Wheatley dispenses with the polish of his Du Maurier adaptation, getting down and dirty with his keen eye for grisly spectacle, augmented by some trippy sequences and a score from Clint Mansell that sows dread wherever it goes. We could do with less exposition, but this is an entertaining exorcising of demons and a return to the director’s “Kill List” best.

“Pleasure”

"Pleasure"

Ninja Thyberg’s searing debut takes aim at America’s adult film industry, peeling back the veneer of eroticism to find professional rivalries, coercive coworkers and patriarchal oppression. In some ways, the film says, it’s similar to any other job, but Thyberg is clear-eyed about the differences, offering notes on the topic of consent, the downward spiral into extreme acts and the for-profit violence meted out on women’s bodies.

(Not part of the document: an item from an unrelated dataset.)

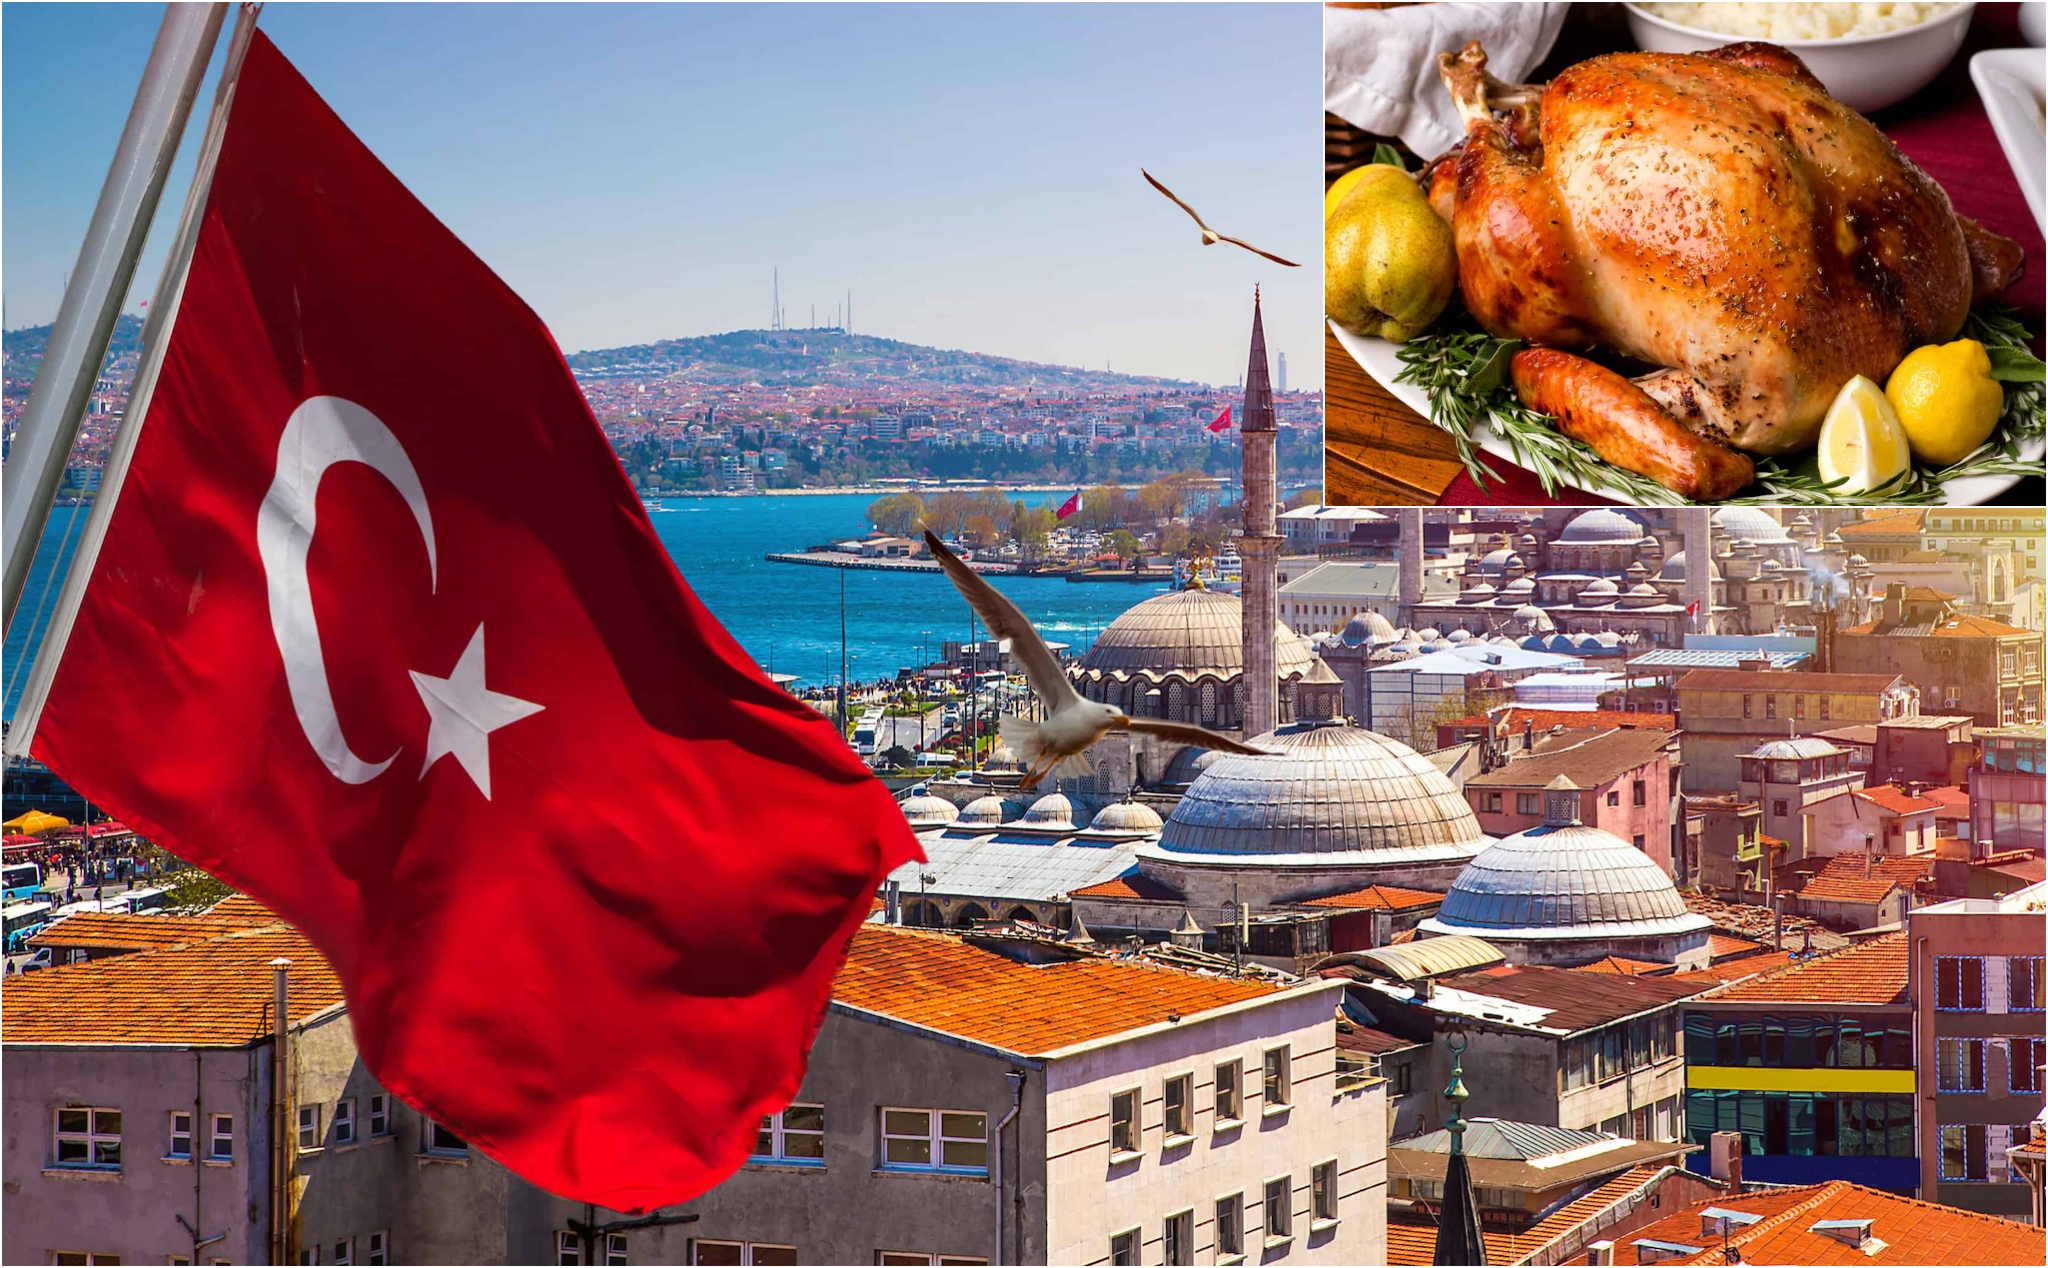 Thổ Nhĩ Kỳ đổi tên quốc tế từ Turkey thành Türkiye, để tránh trùng với tên gà Tây

Sofia Kappel as Linnéa, a 20-year-old Swede who moves to L.A. to pursue a career as Bella Cherry, delivers a fearless and committed performance. Paired with deft and unflinching direction, it dares you to disrespect it by looking away. Meanwhile, a supporting cast sourced from within adult entertainment provide an additional note of authenticity.

If “Pleasure” finds widespread distribution — and it is an if, this is explicit stuff — there will be no small amount of pearl-clutching on release. Originally destined for Cannes last year, we can only imagine the commotion it would have caused in that critical pressure cooker. Watching from home, it’s clear this thought-provoking film has a lot to say, if only one chooses to listen in good faith.

“The Sparks Brothers”

"The Sparks Brothers"

Director Edgar Wright’s foray into documentary was born of his love for cult band Sparks, but also the fact he kept having to explain to people just who they were.

Dubbed by one talking head “the best British group to ever come from America,” across six decades their itinerant sound has passed through rock, pop, disco and electro (with a sojourn into neoclassical) while remaining singularly… well, Sparks. Their dips in and out of popularity and their forward-looking, art-for-art’s-sake ethos has made them influential within the industry. In their seventies now, they’re on hand to look back through the albums, while there’s plenty of big names ready to appraise them, from Flea of Red Hot Chili Peppers (once a supporting act) to Giorgio Moroder (producer of album “No.1 In Heaven”).

The central duo Ron and Russell Mael make for an affable but inscrutable pair, and despite a 135-minute profile with a dizzying array of interviewees, they leave with most of their mystique intact. Which, one suspects, suits them just fine.

The Sundance Film Festival concludes February 3.